I am linking up with Sandra at SANses again. She's a mom of two boys from Singapore, and I am loving all the things we have in common. Isn't it just weird and awesome that someone on the other side of the world can have the same joys and problems that you have? She wrote a wonderful post today on the personal choice to have more children, and I can so relate to this post. I love children and would have a dozen if I knew I could give each and every one the life that I think they deserve! I waited four years to have my second child because I didn't want to jeopardize my goal of giving my first child our undivided attention during his babyhood and also because I wanted to do as close to the same as possible for our second and subsequent children. Perhaps if life had handed us a few different circumstances, we would have tried for the second child earlier, but I don't regret for a minute our choices. The first four years with Evan were such a joy, and the last two years with Brody have been more than double the joy. We have been able to take them both on exciting adventures and give them the fun childhood that I had planned for them.
Anyway, I feel like as a working mom, I have different concerns than most stay-at-home moms, but I think most moms have the same overarching goals. As a working mom (and one going to school at night), I have to be mindful of making the most of my time with my children. Sometimes, I think it makes me appreciate the time I do have with my children more, and for that, I am thankful. I understand that being a stay-at-home mom is hard work because I did that for over a year with Evan. You are constantly cleaning, organizing, preparing food, and feeding children. And the house is never clean because people are always in it messing it up! During that time, I still tried to make the most of my special alone time with Evan, but I felt like sometimes I was so exhausted from all the other household duties that I still didn't fully appreciate the time I had with him. When I went back to work, the house didn't constantly need cleaning because no one was in it all day. I could leave my work at work and come home to just be with my family. Of course, we still had laundry and cooking to do, but it just felt less like a daily chore. For example, we can do all of our laundry in one day (my husband and I can share this task easily since we both work) instead of doing a load everyday and feeling like it is never done. On Sunday afternoon, all of our laundry baskets are empty, and the last load is probably in the dryer while we all rest and prepare for the week ahead. And we immediately hang up and fold our clothes when they come out of the dryer to save on the added task of ironing (that's one I hate and despise). Our weekends are usually "busy," but they are filled with fun times together as a family.
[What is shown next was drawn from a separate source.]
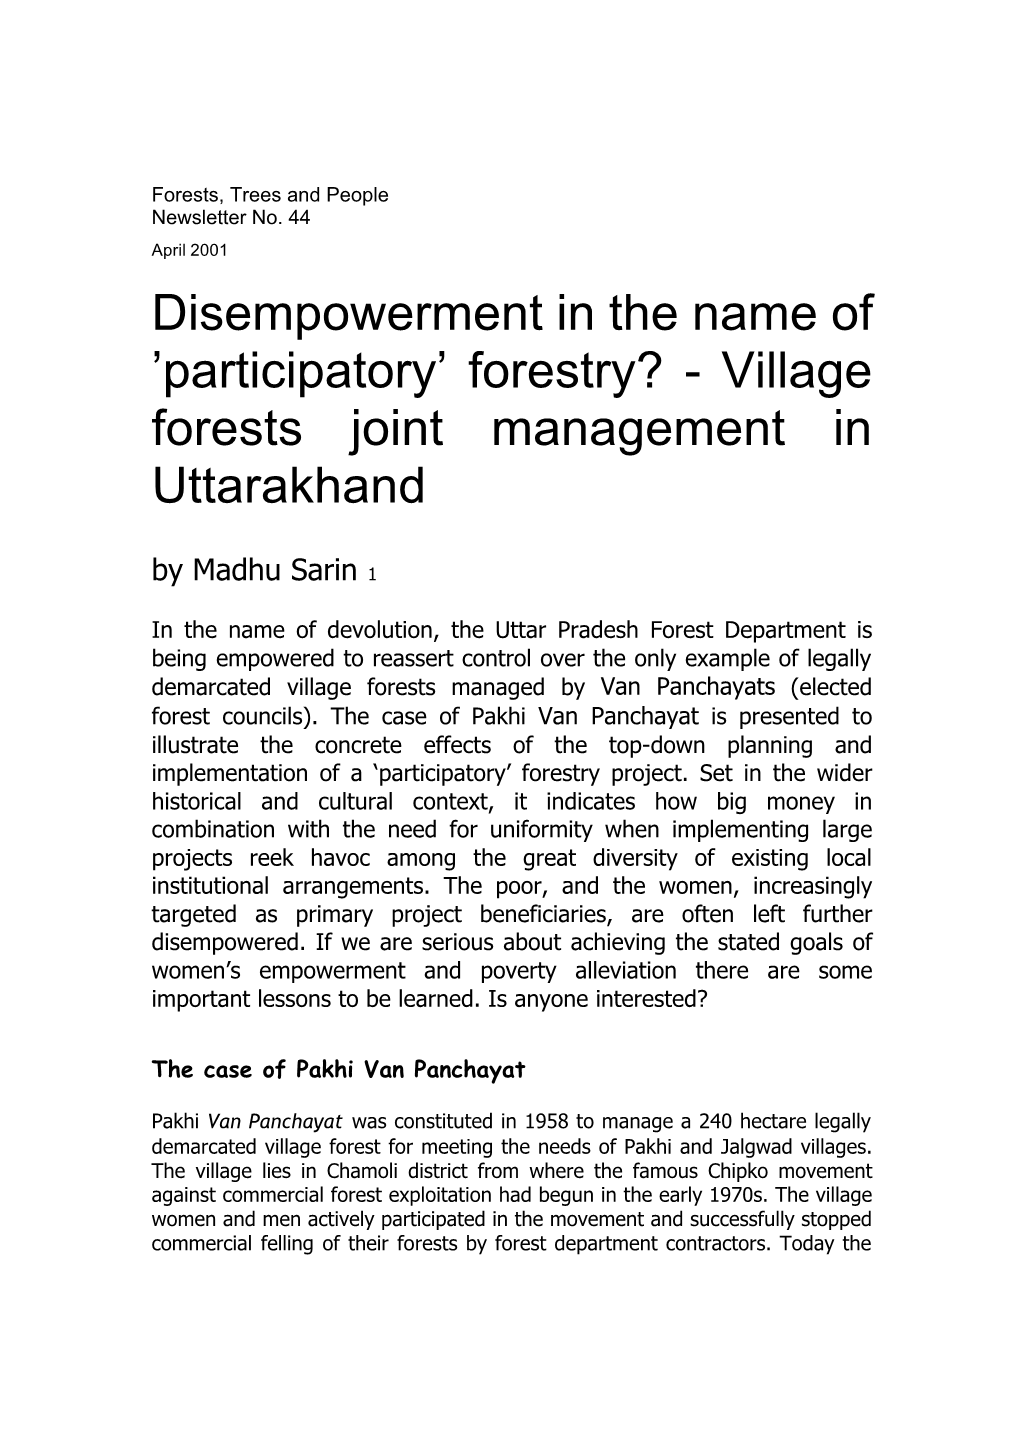 Village Forests Joint Management in Uttarakhand by Madhu Sarin 1

We use those times to just appreciate one another and do special things together. During the week with work and school, everyone is always in a set routine of going to school and work, coming home, eating dinner, taking baths, and getting ready for bed. There is very little time for any deviation in this schedule anyway.
In other words, whether you are a mom who works outside the home or a stay-at-home or work-from-home mom, I just encourage everyone to appreciate the time they do have with their children and prioritize that time to put those you love first. I promise, you'll enjoy your life so much more! Have a great Thursday, ya'll!
It is difficult to juggle everything we have to do as moms and families. I just posted how I had some plans for this summer and now school is starting on Monday!! I regret that I didn't always make the best use of my time with my older children. And I sometimes beat myself up over it.... But I have come to the realization, I can't be all things to all people all the time. SO with that I have to do my best to make each day matter and if at the end of the day I have guilt over that day.... I chose to start over the next day and do my best to do better. The best advise I can give to any Mom sahm or working..... do what God wants you to do as a parent and don't waste any time comparing yourself to other moms. Its not worth the effort! Have a great day!!
ReplyDeleteOh yeah, the comparison stuff...that's definitely a great piece of advice too, Piper! :-)
DeleteHiya Sherry! Thanks for linking up, and I am also amazed how alike we are, despite being continents apart! Hahaha... I guess the "job description" of a mummy is the same the world over. ;P
ReplyDeleteHaha! Yep, I guess so! I love doing the Talkative Thursdays because it gives me a reason to "talk" and get things out.